Split data into separate Excel with one column, then to separate sheet with another column?

Hi, I want to split my data table into many Excel with multiple sheets in it based on two different column. For example, If I have something as follow:

image

I want to split the data first by Vendor into separate Excel, so the Excel name would be the Vendor name (1, 2, 3, …). Then for each Excel, each tab would be based on each Country group. So for Excel sheet “1”, there is a tab for Canada and a tab for USA.

I’m not sure how it can be done, and stuck at Group Loop Start. Please advice how I can make this possible. My data is around 120,000 rows with over 500 vendors so it might be a lot.

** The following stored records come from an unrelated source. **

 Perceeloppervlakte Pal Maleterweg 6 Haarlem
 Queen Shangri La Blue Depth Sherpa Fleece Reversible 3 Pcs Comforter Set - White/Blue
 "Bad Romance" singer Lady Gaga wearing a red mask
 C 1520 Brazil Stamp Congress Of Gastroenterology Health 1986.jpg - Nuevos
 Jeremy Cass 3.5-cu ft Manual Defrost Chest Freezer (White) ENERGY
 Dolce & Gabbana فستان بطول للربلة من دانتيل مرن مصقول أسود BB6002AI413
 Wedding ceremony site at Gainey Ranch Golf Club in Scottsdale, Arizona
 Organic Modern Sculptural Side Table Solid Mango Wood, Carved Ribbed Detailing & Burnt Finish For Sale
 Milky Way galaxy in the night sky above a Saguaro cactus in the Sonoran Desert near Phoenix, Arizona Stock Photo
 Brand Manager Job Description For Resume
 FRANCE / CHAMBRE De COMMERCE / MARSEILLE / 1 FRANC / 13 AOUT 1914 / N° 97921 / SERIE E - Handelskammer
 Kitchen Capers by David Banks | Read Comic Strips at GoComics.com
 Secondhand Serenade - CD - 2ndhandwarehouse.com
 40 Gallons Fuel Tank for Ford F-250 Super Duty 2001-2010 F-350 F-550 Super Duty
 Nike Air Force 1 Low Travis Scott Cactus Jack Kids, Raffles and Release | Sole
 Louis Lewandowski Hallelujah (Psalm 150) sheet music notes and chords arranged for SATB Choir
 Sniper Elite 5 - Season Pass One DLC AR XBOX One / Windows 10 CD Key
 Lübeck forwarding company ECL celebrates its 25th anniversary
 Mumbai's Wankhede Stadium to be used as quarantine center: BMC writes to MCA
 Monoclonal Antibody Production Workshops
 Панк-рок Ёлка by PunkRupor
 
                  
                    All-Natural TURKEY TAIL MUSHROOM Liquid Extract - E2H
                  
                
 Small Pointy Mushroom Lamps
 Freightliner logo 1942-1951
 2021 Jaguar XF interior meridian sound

Can you upload a portion of the data for us to work with?

I’d recommend taking a look at the Solutions to Just Knime It Challenge 2 for some pointers. The challenge was to split a CSV file into several different CSV files and store them in different folders.

The thread is here. My solution is here

Your problem is similar. You’d need to use flow variables to control tab creation.

2 Likes

Hi @elsamuel. Thanks for linking me up to the Challenge.

What I’m trying to do is very similar to the challenge, but instead splitting them into Excel, then to Sheet in Excel. I’m not sure how this can be done. Could you elaborate on the flow variables to control tab creation?

If you are looking of the data you can just use the data for the challenge, and split Year into Excel, months into Excel sheet.

Try this @billknguyen:

Pay key attention to the Excel Writer settings and the way the loops are nested.

1 Like

This is exactly what I needed, thank you so much! Just for learning purpose since I am very new, how did which part in the Excel Writer indicated what the Excel name would be? I see that for Sheet it is through the Flow Variable part. And also what does Create File/Folder Variable do?

1 Like

The Create File/Folder Variables node creates a path variable using the Year variable generated by the first GroupBy node. In this workflow, this new path variable is called base_folder and contains the filepath, filename, and extension.

image

In the Excel Writer node, you can specify that you want to use this base_folder variable for the path by clicking on the v icon next to the Browse button and choosing the appropriate variable:

1 Like

@billknguyen tried recently to illustrate how this works with a screenshot

Thank you guys for the explanation!

Just another question, when splitting the Excel, I’m trying to keep the formatting of the input Excel (ex: highlighting color of certain cells, etc.). Seem like it’s not currently doing that right now. Do you know if there are any solution to this?

@billknguyen it might be best to open a new thread for this question. But there has been a thread about excel and keeping formats here. Maybe you check the suggestions there.

With the Excel Cell Updater – KNIME Community Hub there is a dedicated node for that.

This topic was automatically closed 7 days after the last reply. New replies are no longer allowed.